In that decade, Taylor's Liberia was a hub from which violence radiated out through West Africa. His charismatic manner and the grisly crimes his forces were accused of drew international attention. After he began an insurrection with a small band of soldiers in 1989, years of civil war eventually resulted in Taylor's election as the country's president in 1997. (His supporters were said to have chanted: "He killed my ma, he killed my pa, I'll still vote for him.") Taylor didn't invent child soldiering, but he certainly put his own spin on it with his Small Boys' Unit, his personal protection force of devoted, AK-47-armed orphans. It's been estimated that wars Taylor started or helped to fuel resulted in 300,000 deaths.
The prosecution now charges that Taylor wreaked havoc in the region in order to get his hands on some of Sierra Leone's notorious blood diamonds. Taylor was indicted in 2003 by the U.N.-backed court charged with trying those with "greatest responsibility" for the crimes committed during the war in Sierra Leone. That year, with Monrovia besieged by rebel forces seeking to unseat him, Taylor agreed to asylum in Nigeria. He was finally arrested and shipped to The Netherlands in 2006.
For most people, the story ended there. But although Taylor's trial moves at a pace that makes the O.J. Simpson proceedings seem speedy, it is far from staid. The proceedings have unfurled a series of grotesque allegations, bizarre accusations, and unexpected celebrity cameos. In the process, the trial has exposed some of the seamier American connections to a gruesome era in West Africa and the country founded in 1847 by returned slaves.
Beginning in January 2008, the prosecution—led by two diligent, dry American lawyers—spent 13 months sketching a web of connections between Taylor and the rebels in Sierra Leone. Taylor, the prosecution alleged, had buddied up with Foday Sankoh, the now-deceased leader of Sierra Leone's Revolutionary United Front, in Libya in the late 1980s, when both were guests at one of Muammar Qaddafi's training camps. Once back in West Africa, the prosecution claimed, the duo joined together to vacuum up the region's resources while their forces raped, pillaged, and chopped off hands.

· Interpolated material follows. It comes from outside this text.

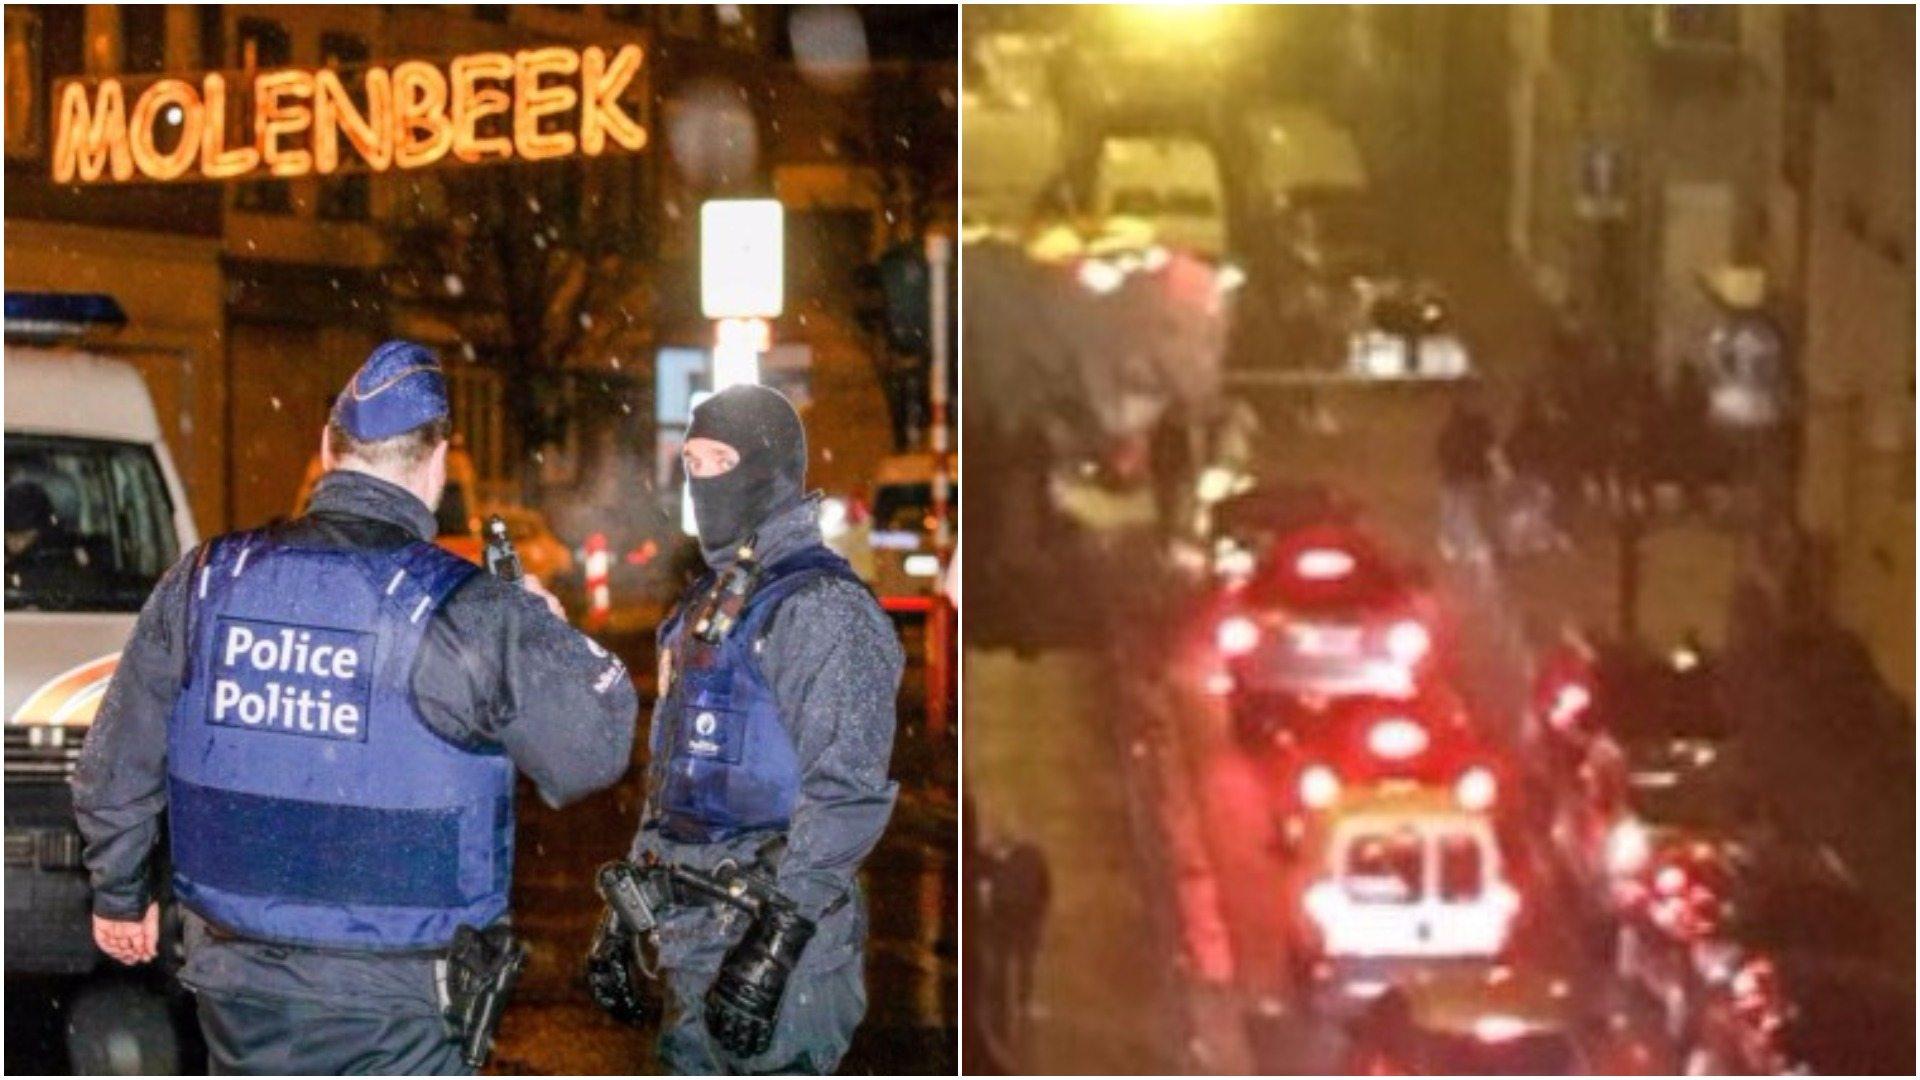 Nowe informacje na temat chaosu w Belgii. Już wiemy co się tam działo (VIDEO + ZDJĘCIA)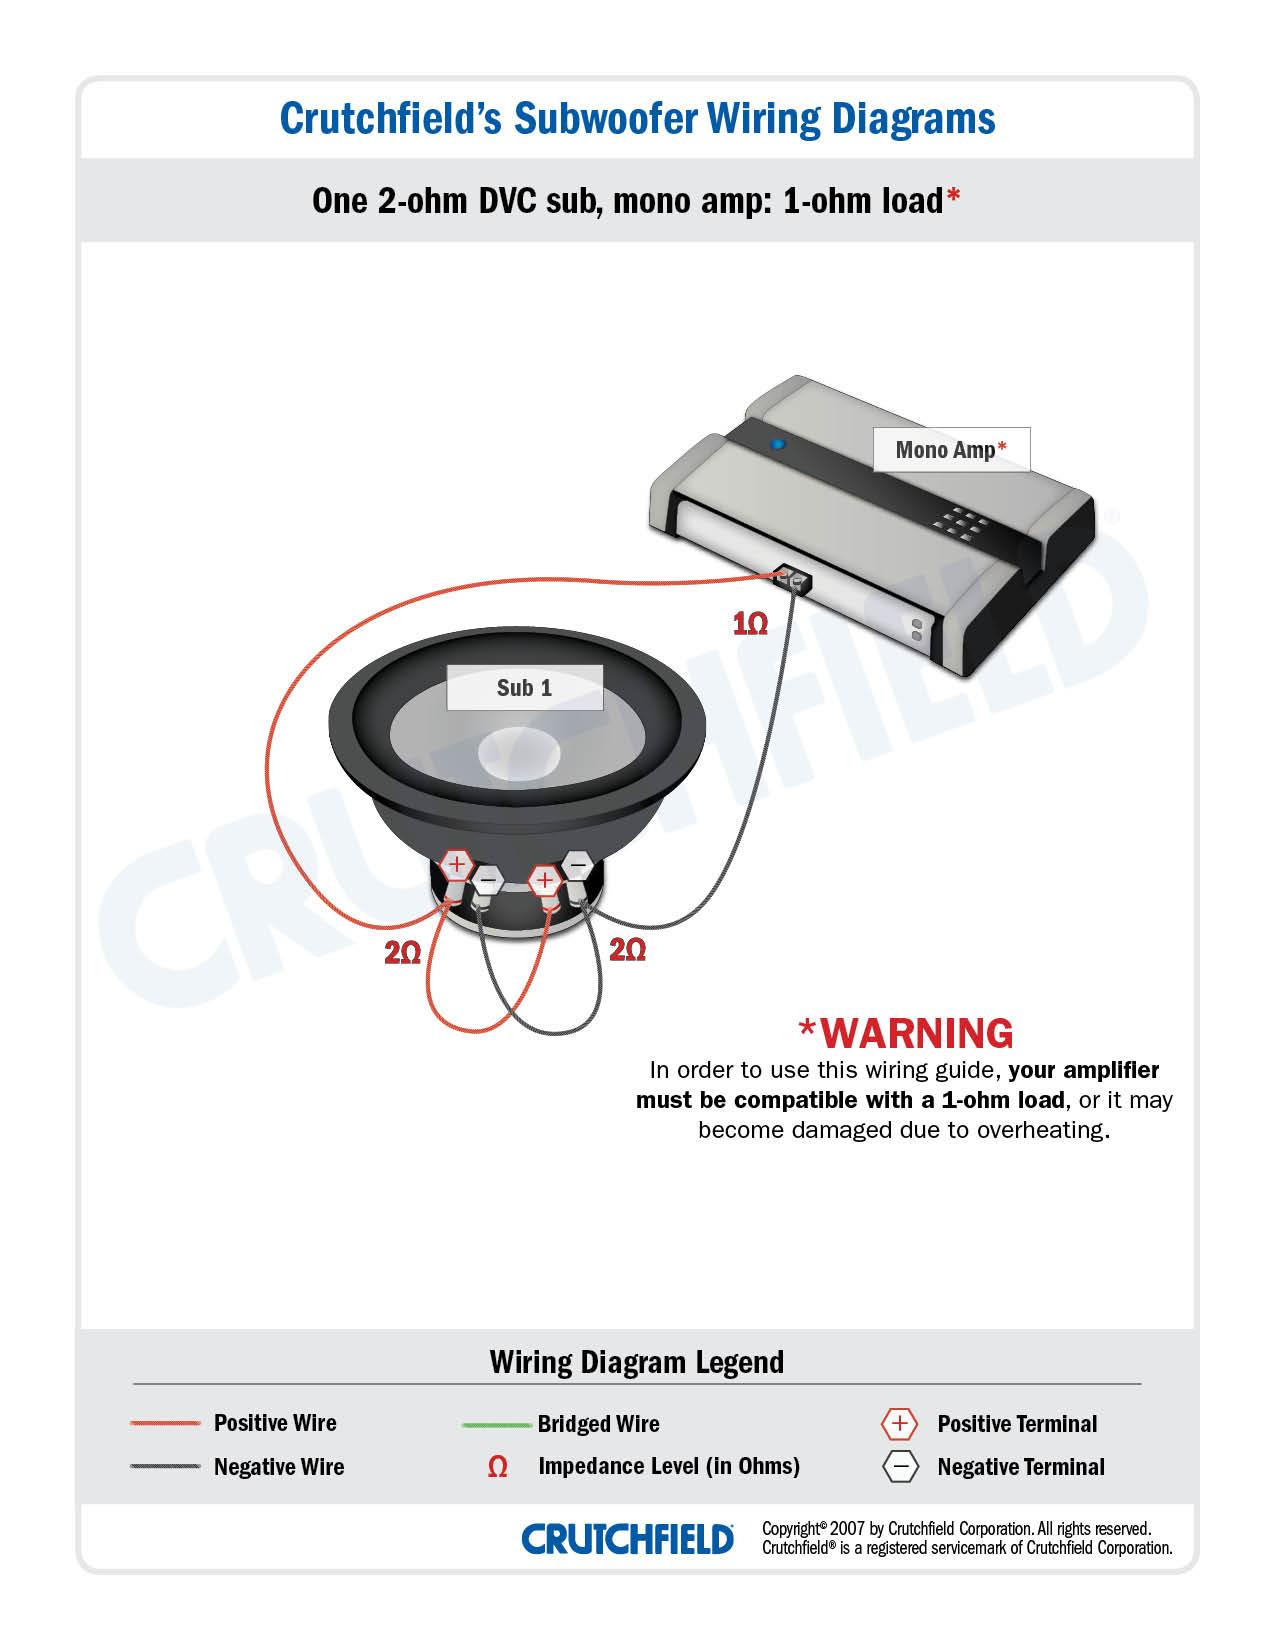 single dvc sub wiring diagram

The prosecution case depends on proving two things: first, that crimes were committed in Sierra Leone; second, that Taylor had direct involvement in their execution. Of the 91 witnesses called by prosecutors, some of the most disturbing testimony came from Joseph "Zigzag" Marzah, one of Taylor's former Liberian militia commanders. Much of Marzah's time on the stand was spent establishing that Taylor was a truly horrible leader of Liberia. Marzah described roadblocks adorned with human intestines and severed heads and said Taylor had ordered a pregnant woman to be buried alive behind the presidential palace for a sacrifice. He also claimed that Taylor had ordered his Liberian soldiers to eat their slain enemies in order to instill fear in the population. Marzah detailed how human bodies were prepared. "We lay you down, slit your throat and butcher you," Marzah said, "put it in a pot and cook it." Salt and pepper, he explained, are added to taste.
Importantly for the prosecution, Marzah linked Taylor to the war next door, stating that Taylor had him shuttle weapons from Liberia to Sierra Leone to exchange with the rebels for diamonds. The prosecution also connected Taylor to the neighboring war through a radio operator who testified that he had relayed direct commands from Taylor to a Sierra Leonean rebel commander.